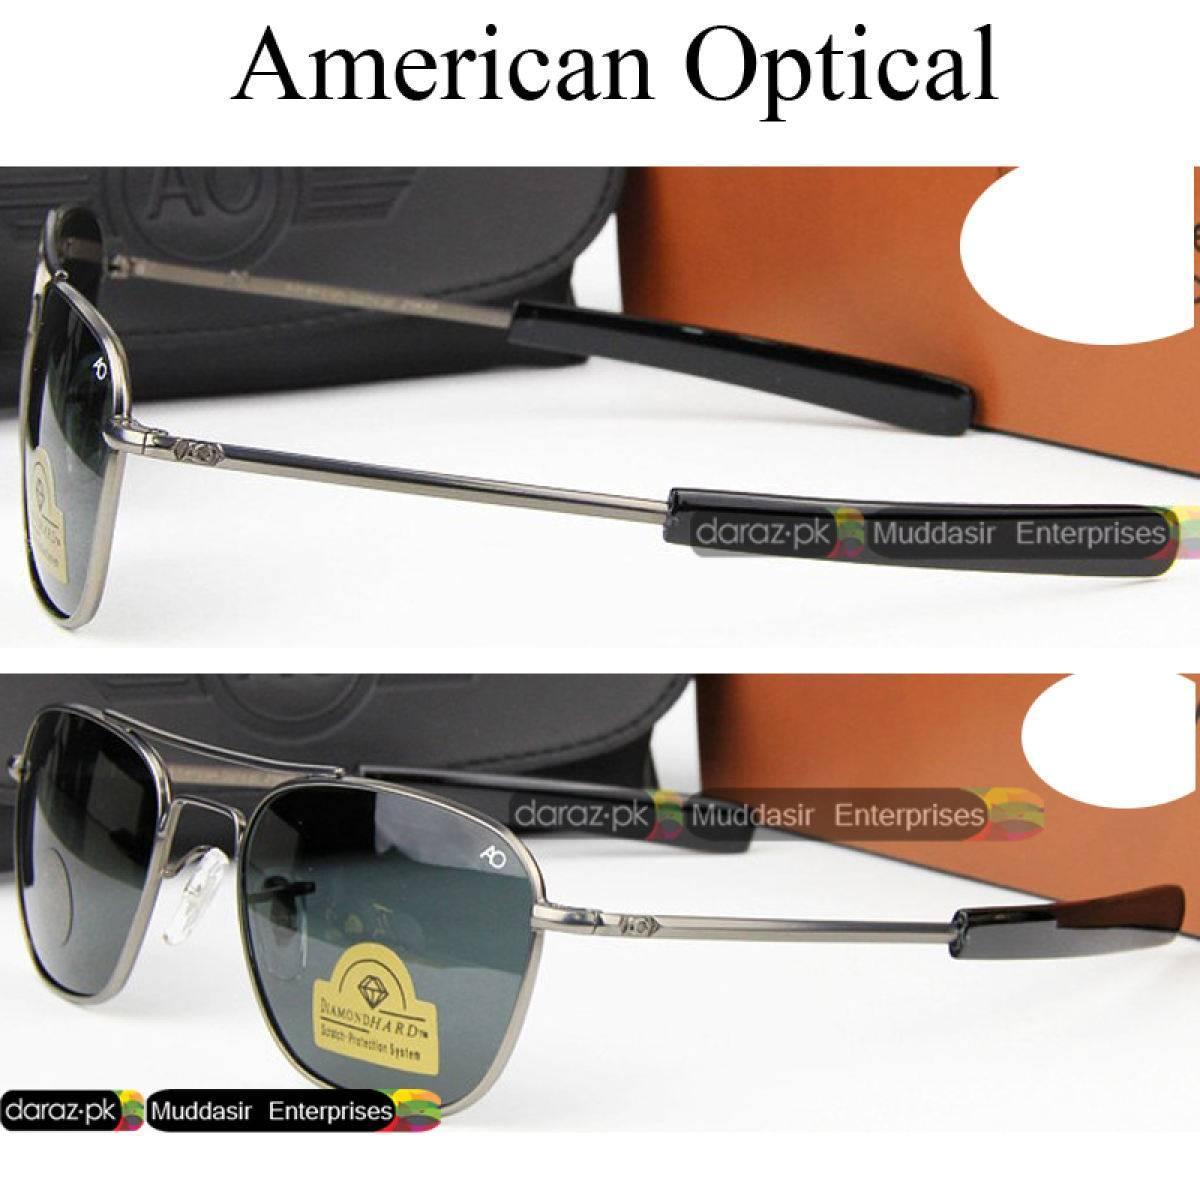 Imported High Quality Original AO American Optical Fashion Classical Aviation Sunglasses Men & Women AO Sun Glasses For Male American Army Military Optical Glass Lens
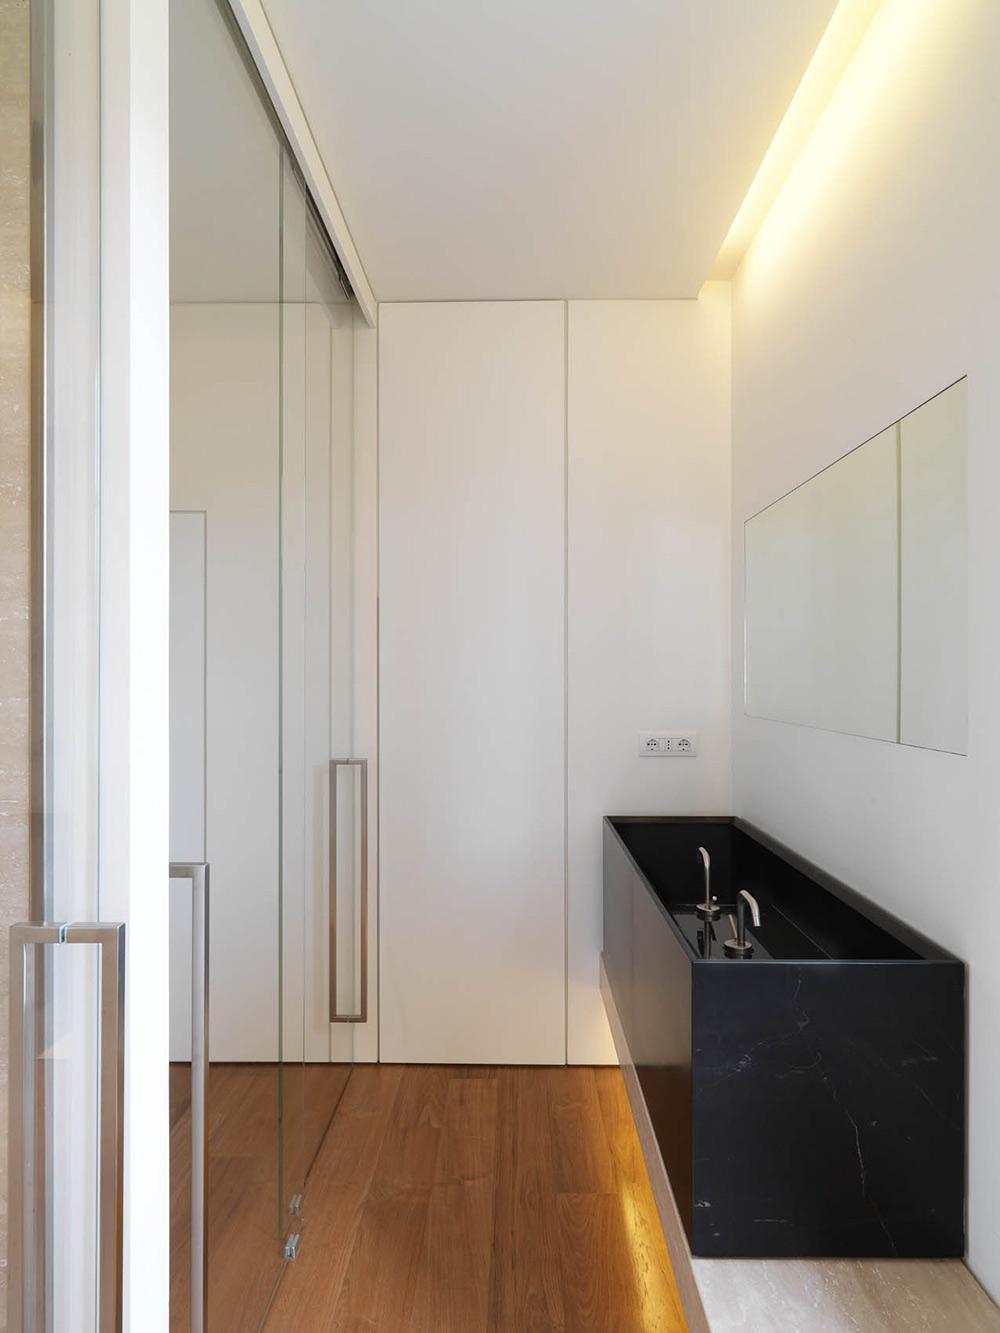 Bathroom, Dark Marble Sink, Minimalist Interior in Tuscany, Italy by Victor Vasilev
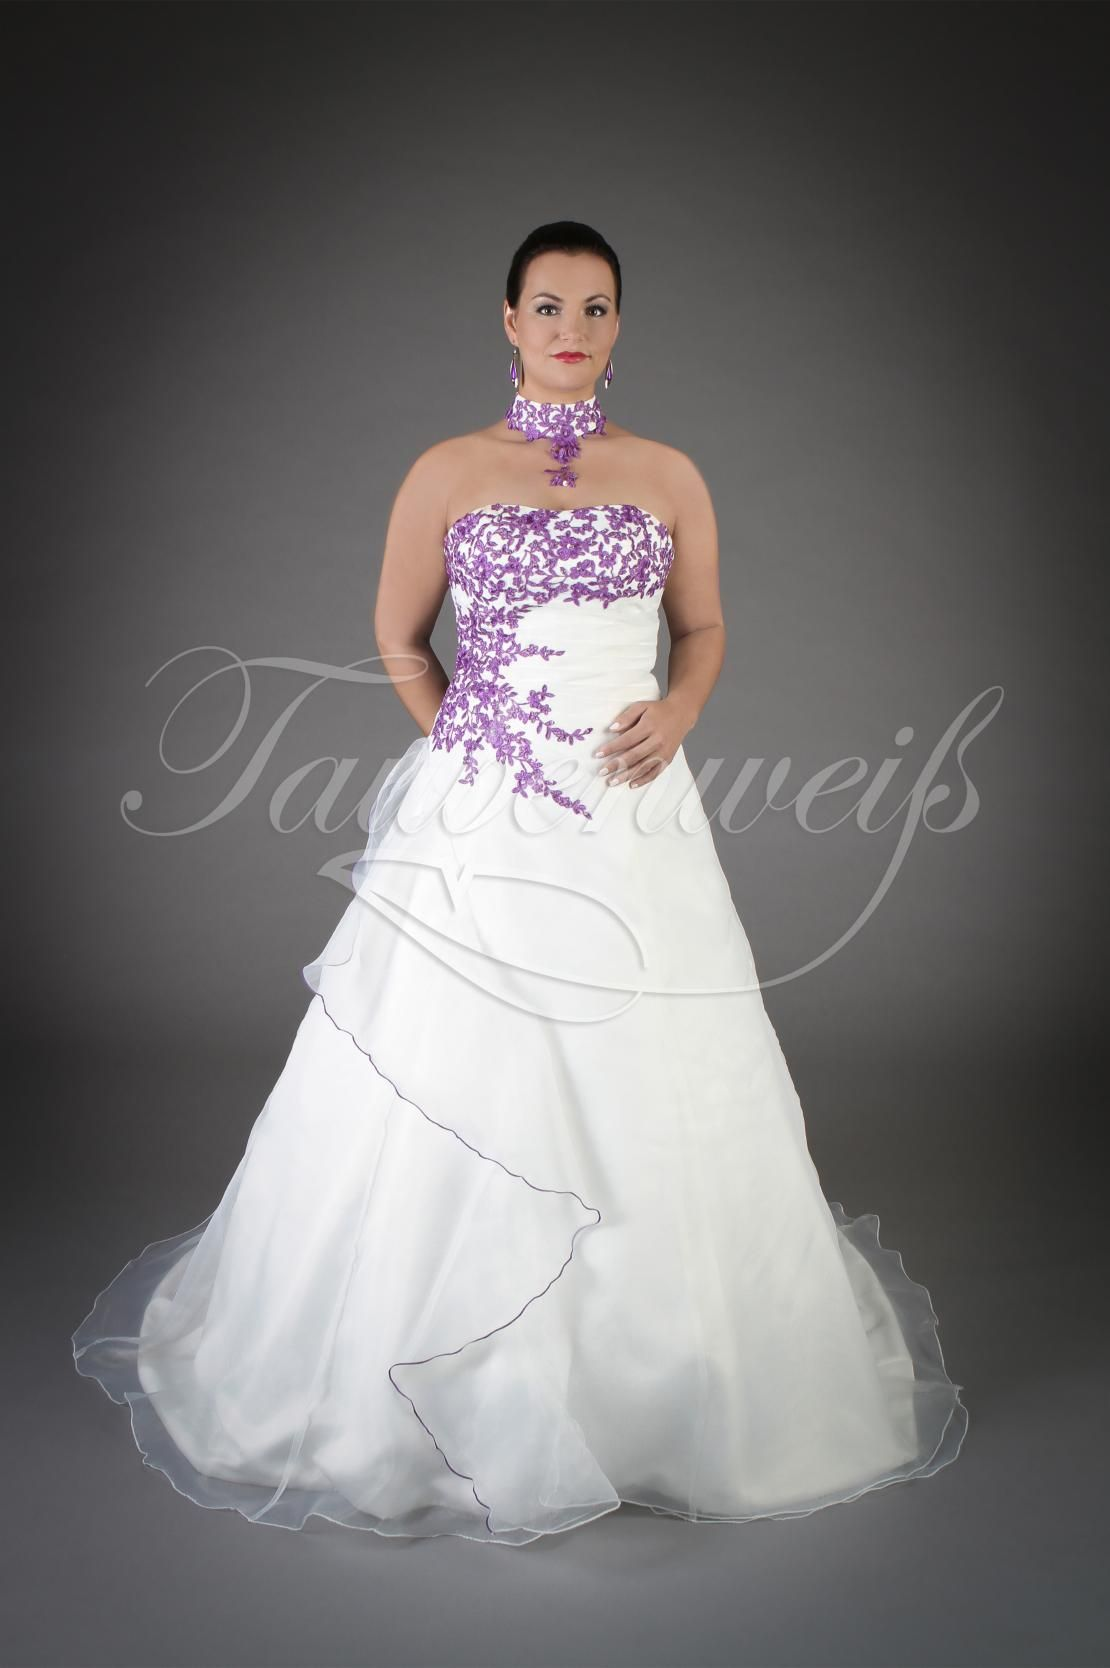 Brautkleid TW20B - A-Linie lila Organza Spitze Perlen Schleppe

WORK REQUEST: The listing above must be repeated exactly, apart from the pictures.

TASK ANSWER:
 Imported High Quality Original AO American Optical Fashion Classical Aviation Sunglasses Men & Women AO Sun Glasses For Male American Army Military Optical Glass Lens
 Bathroom, Dark Marble Sink, Minimalist Interior in Tuscany, Italy by Victor Vasilev
 Brautkleid TW20B - A-Linie lila Organza Spitze Perlen Schleppe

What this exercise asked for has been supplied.